Fresh Labor push for a new tax that will impact every Australian: What it means for you

A Labor MP has issued a call for a new tax on sugary drinks such as Coke, fruit juices and sports drinks – a year after a controversial national inquiry into the diabetes epidemic recommended the levy.

Dr Mike Freelander, MP for the federal seat of Macarthur on Sydney‘s south-western edge, told Daily Mail Australia this week that he supports a levy on sugar-sweetened beverages. 

Dr Freelander, a medically-trained doctor, called on Prime Minister Anthony Albanese to support a proposal, pushed by a parliamentary inquiry he chaired, to force beverage producers to make healthier drinks. 

The 20 per cent tax would also raise an additional $1.4billion of government revenue over four years – coming at a time where tobacco excise collection dropped almost $5billion this financial year. 

‘The levy is a way to encourage manufacturers to reduce sugar content in their products and there is increasing global evidence of the benefits on community health and wellbeing,’ said Dr Freelander, a backbencher. 

Sugar-sweetened beverages are defined as water-based drinks with added caloric sweeteners such as sucrose, high-fructose corn syrup, or fruit juice concentrate. 

The tax would include soft drinks, sports drinks, fruit drinks, energy drinks, cordials and drinks made with added fruit juice concentrate. 

A number of Coalition members of the diabetes inquiry committee opposed the introduction of a levy in the final report. 

Dr Mike Freelander (right), the Labor member for Macarthur has reaffirmed his support for a sugary drinks tax a year after a parliamentary inquiry he chaired recommended the levy

Health experts have resurfaced calls for a sugary drinks tax in Australia in a bid to tackle the ongoing obesity and diabetes epidemic

Deputy chair of the committee Julian Leeser, Liberal MP for Berowra, said the tax would disproportionately fall upon Australia’s lowest earners. 

‘People are doing it tough and struggling to pay bills and put food on the table,’ he told the Sydney Morning Herald last year. 

‘There’s also a real issue about whether a sugar tax would change behaviour.’ 

Dr Freelander’s comments come as a new study showed public support for a sugar tax.

The study was published in the Australian and New Zealand Journal of Public Health on Wednesday and led by professor Caroline Miller, president of the Public Health Association of Australia (PHAA).

More than half (56 per cent) of the study’s 1800 respondents supported a health levy tax on sugary drinks in line earlier research from 2017. 

Dr Miller said sugary drinks were a significant contributor to obesity – a disease which has overtaken cancer as the leading cause of Australia’s preventable disease burden. 

She said Australia is facing a serious public health issue, one that warrants a policy approach defined by ‘strong leadership’. 

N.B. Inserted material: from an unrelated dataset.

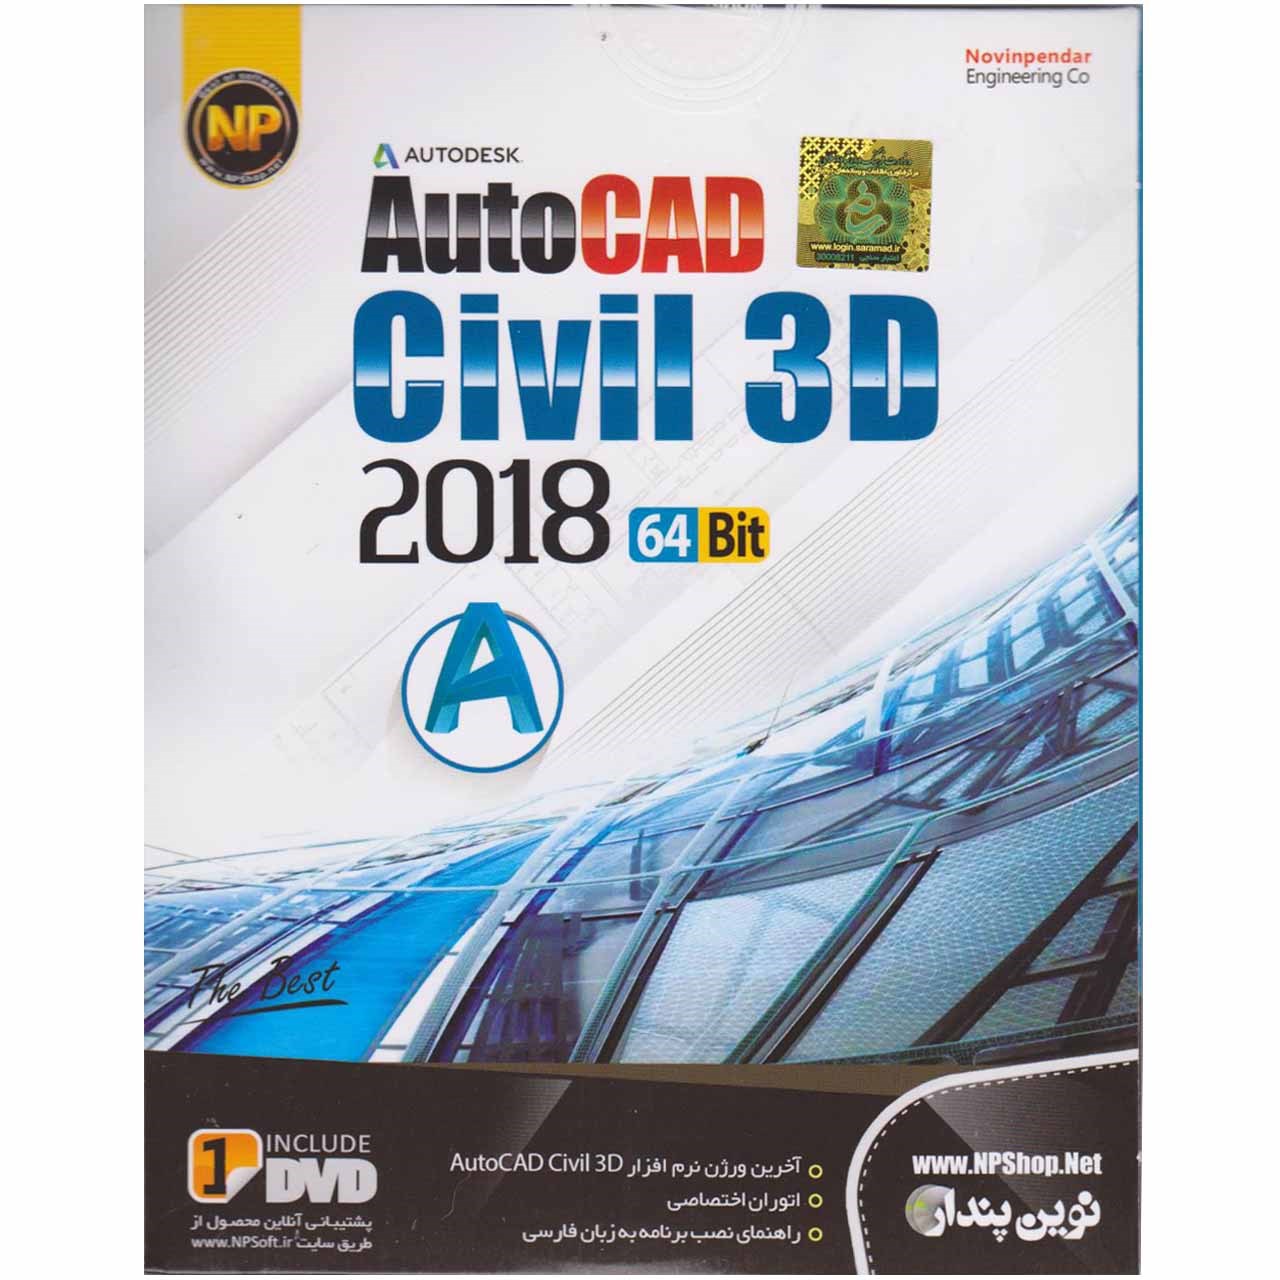 نرم افزار  AutoCad Civil 3D  2018  64Bit  نشر نوین پندار
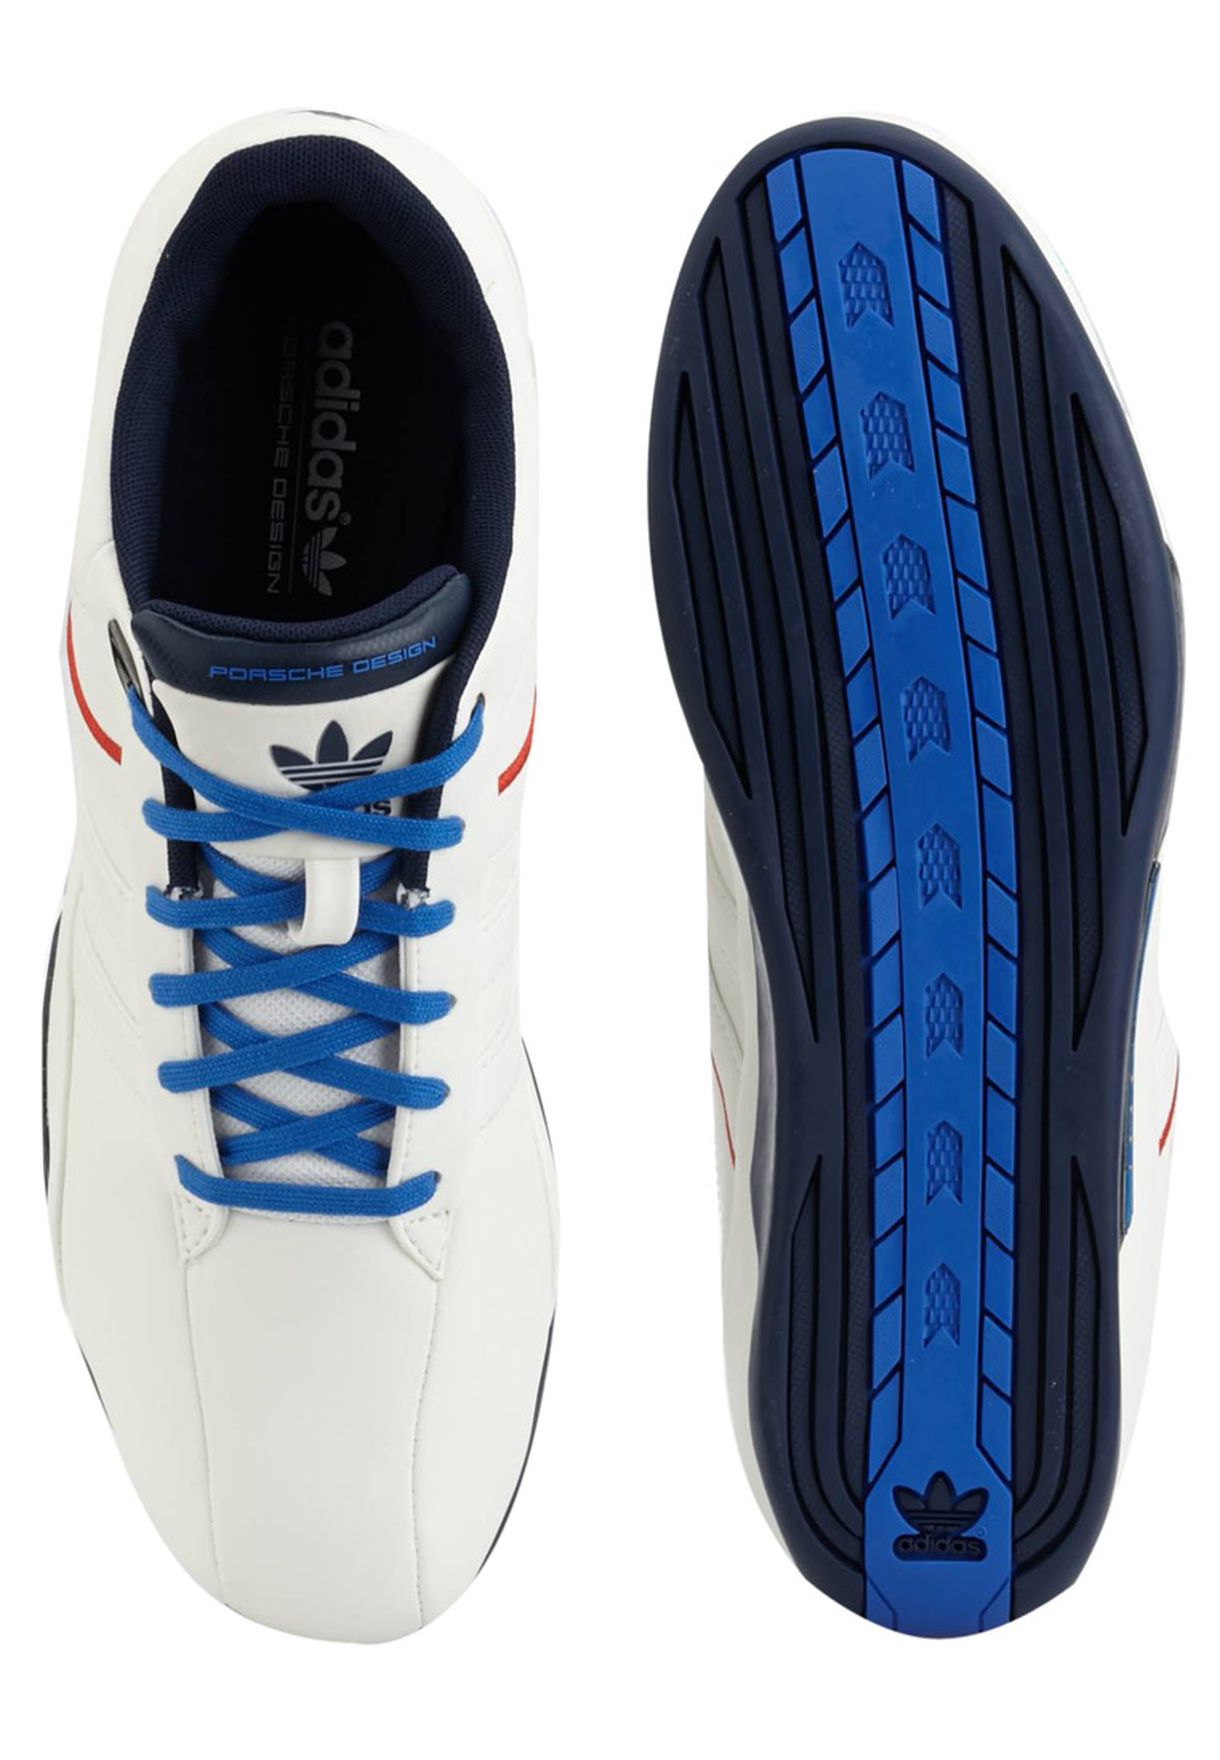 adidas porsche design 917 shoes

Julian Leeser, the Liberal member for Berowra (pictured) last year opposed calls for a sugar tax in Australia, claiming the tax would disproportionately hurt low-earners

Critics of the sugar tax claim dietary choices should be left to the individual and that lower-earning Australians would be hardest hit by the levy. 

The Australian Beverages Council has led the opposition against the sugary drinks tax – claiming declining consumption rates suggested something else was to blame.

‘The tax is a misguided attempt to address a complex problem like obesity that lacks real world evidence it has any discernible impact on weight,’ Geoff Parker, chief executive of the Council said in a statement last year. 

‘Consumption of sugar from drinks in Australia has decreased significantly over the last 20 years at the same time overweight, obesity and diabetes rates have continued to rise. 

‘Clearly soft drinks aren’t driving the nation’s expanding waistline which makes this call for a tax illogical and clearly just a revenue raiser for public health groups.’

Sugar taxes are already in place in a number of European and American countries including the UK, France, Norway, Mexico and Chile.

One study suggested the daily sugar intake of UK children fell by five grams within a year of the tax being introduced in 2018, while adults cut their intake by 11 grams. 

But chief executive of the PHAA Terry Slevin said the study proved there was ‘genuine community concern about unhealthy drinks’.

‘Health Minister Mark Butler and the Albanese government have implemented strong and effective measures to curb smoking and vaping, we believe similarly decisive action is needed to tackle obesity.

‘We know what needs to be done, now is the time to do it.’ 

The Australian Medical Association, the peak representative body for doctors in Australia, advocates for a tax of $0.40 per 100 grams of sugar.